Unfortunately, lake-kids grow up to be adults just like city-kids. I have my own ruts I follow, the usual haunts, and have slowly shifted into autopilot—it’s hard not to, with Edmonton's urban sprawl, hectic schedules, and terrible winter transportation. I see the city through the window of the bus on my way to and from work or school, and if lucky, check out the river valley when weather permits outdoor excursions. I inhabit the city without many senses engaged: as a big, grown-up (somewhat), unconscious city-kid.
I have already begun to question this existence, and hope through exploration of the local, I can find the adult, urban equivalent of a lake-kid once again.
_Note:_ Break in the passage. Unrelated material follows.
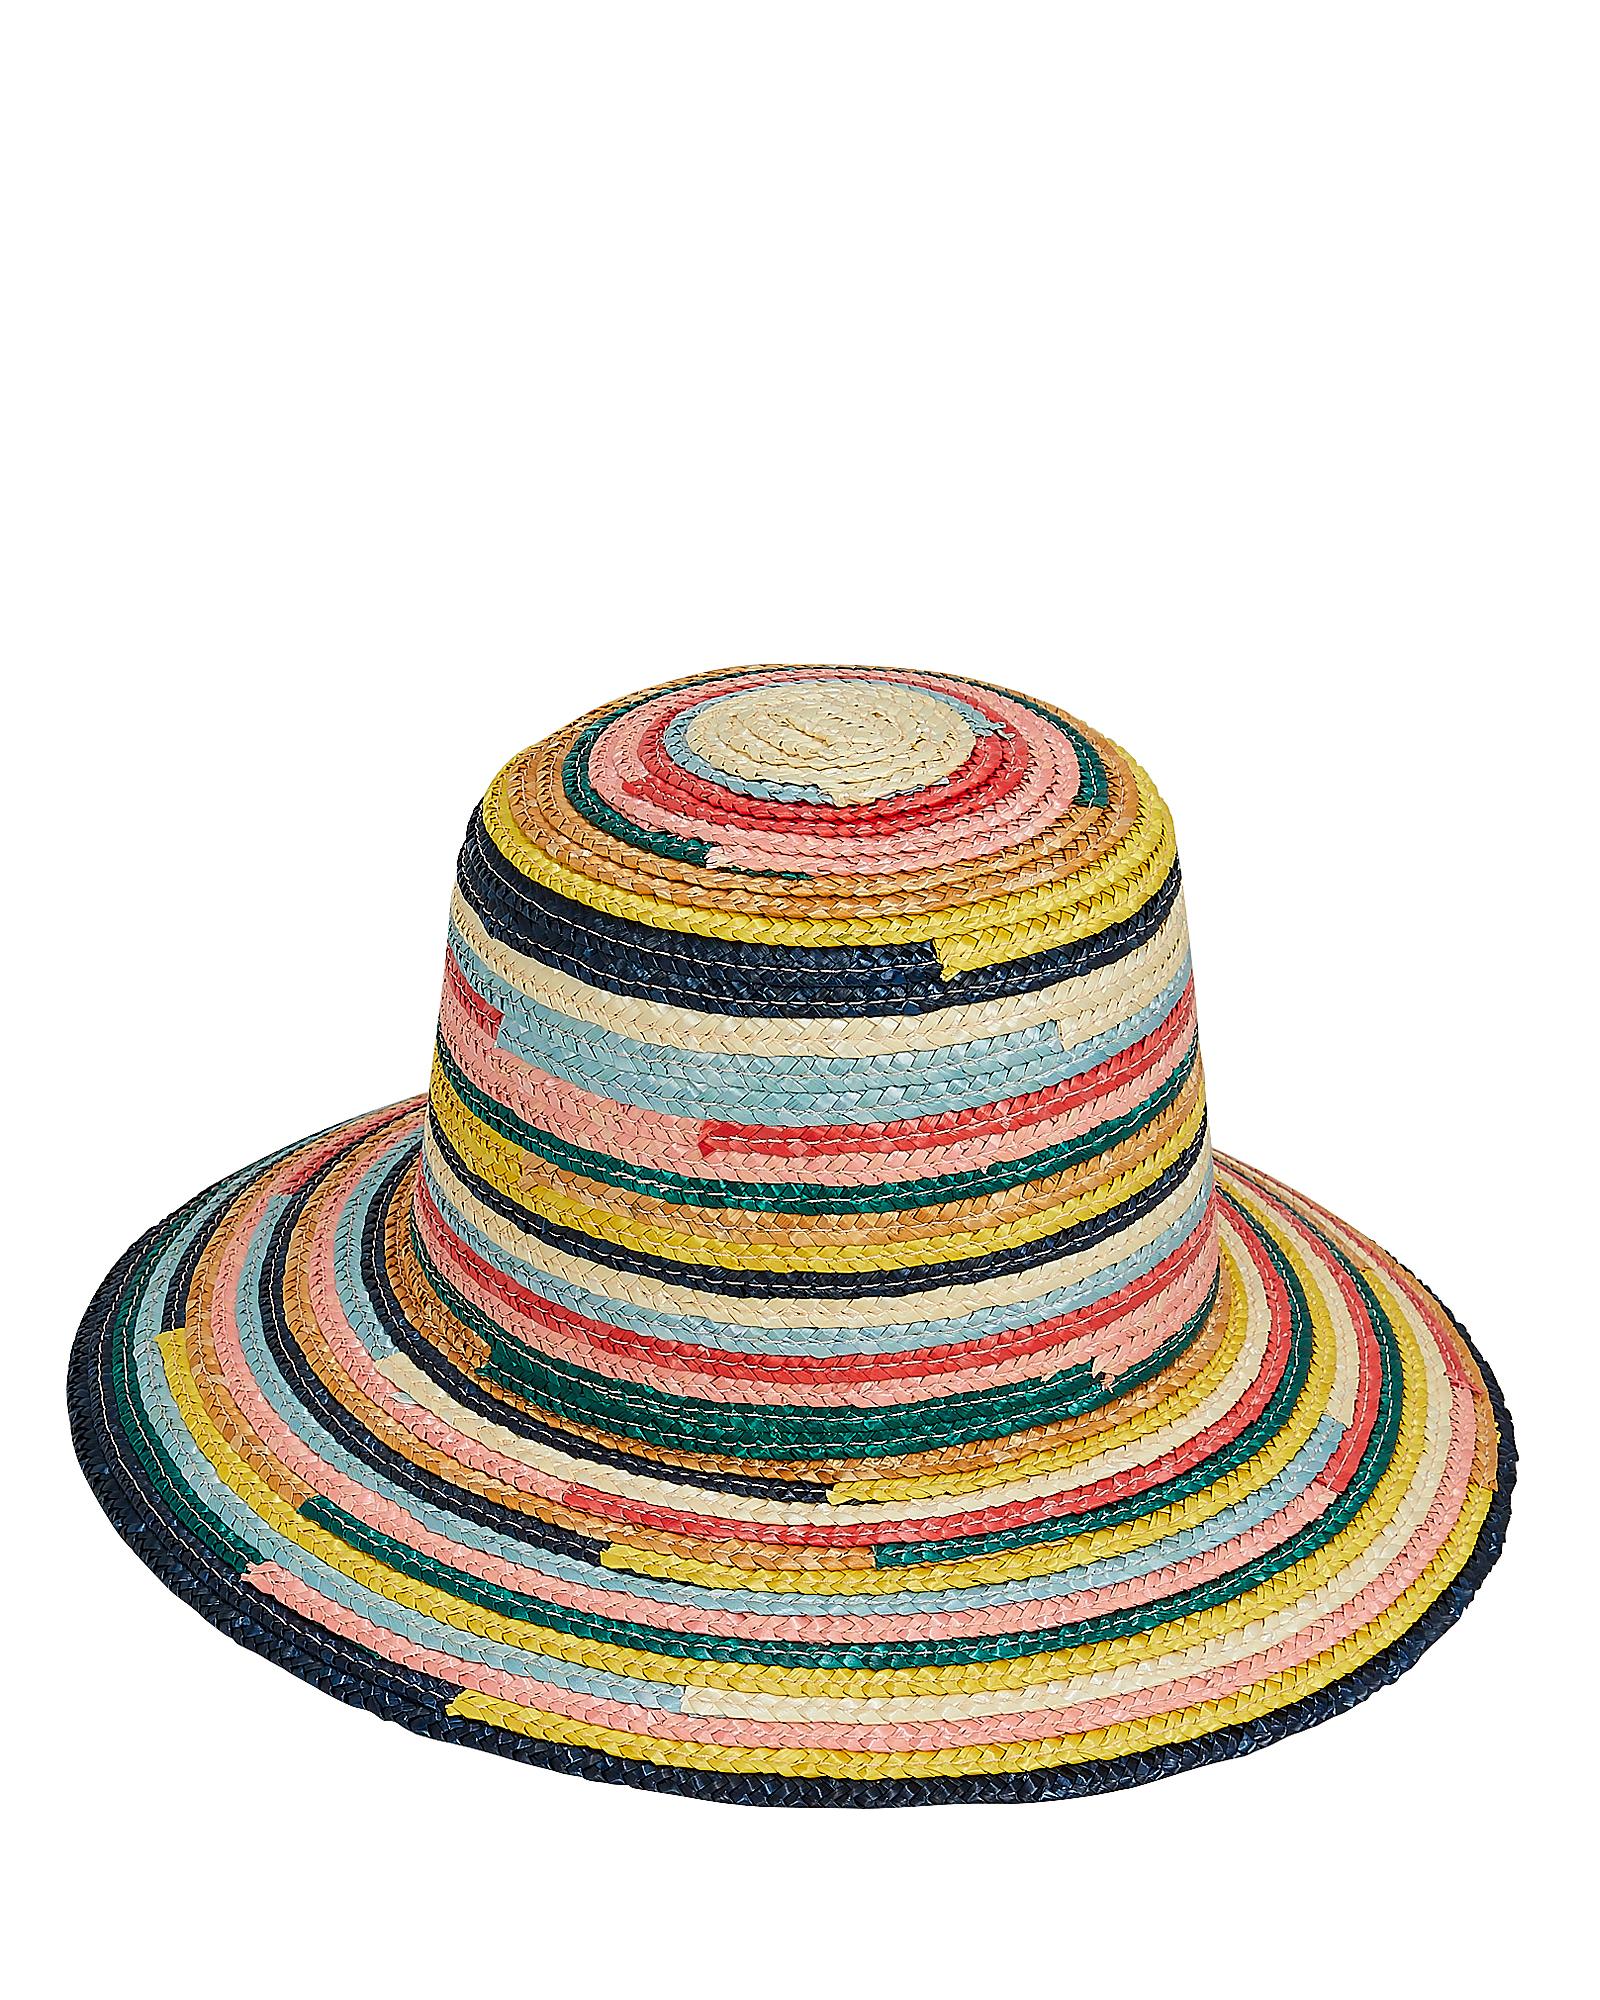 EUGENIA KIM Stevie Straw Hat - Pink in Multi

I totally agree with the lake kid/city kid idea. Having moved into the city from the country when I was 9, I noticed a marked shift in the way kids viewed and interacted with their environment. I think the sense of freedom has a lot to do with it. When they're at the lake or an acreage, somewhere out of the way, kids aren't being pushed and prodded into all sorts of activities to keep them occupied. Kids in the country aren't obsessed over by parents in the same way as city kids, at least in my experience. To be fair, the dangers posed by city life (traffic, crime, etc.) aren't necessarily as present in rural areas, so the need for parents to look out for their children is greater.
ReplyDeleteI find it ironic though, that we are so thoroughly warned in our childhoods about the dangers that are omnipresent in the city, but we grow up to become autobots with very little sense of our surroundings. Does the ingrained cautiousness make us too afraid to cope, or are we just ambivalent to the perceived dangers?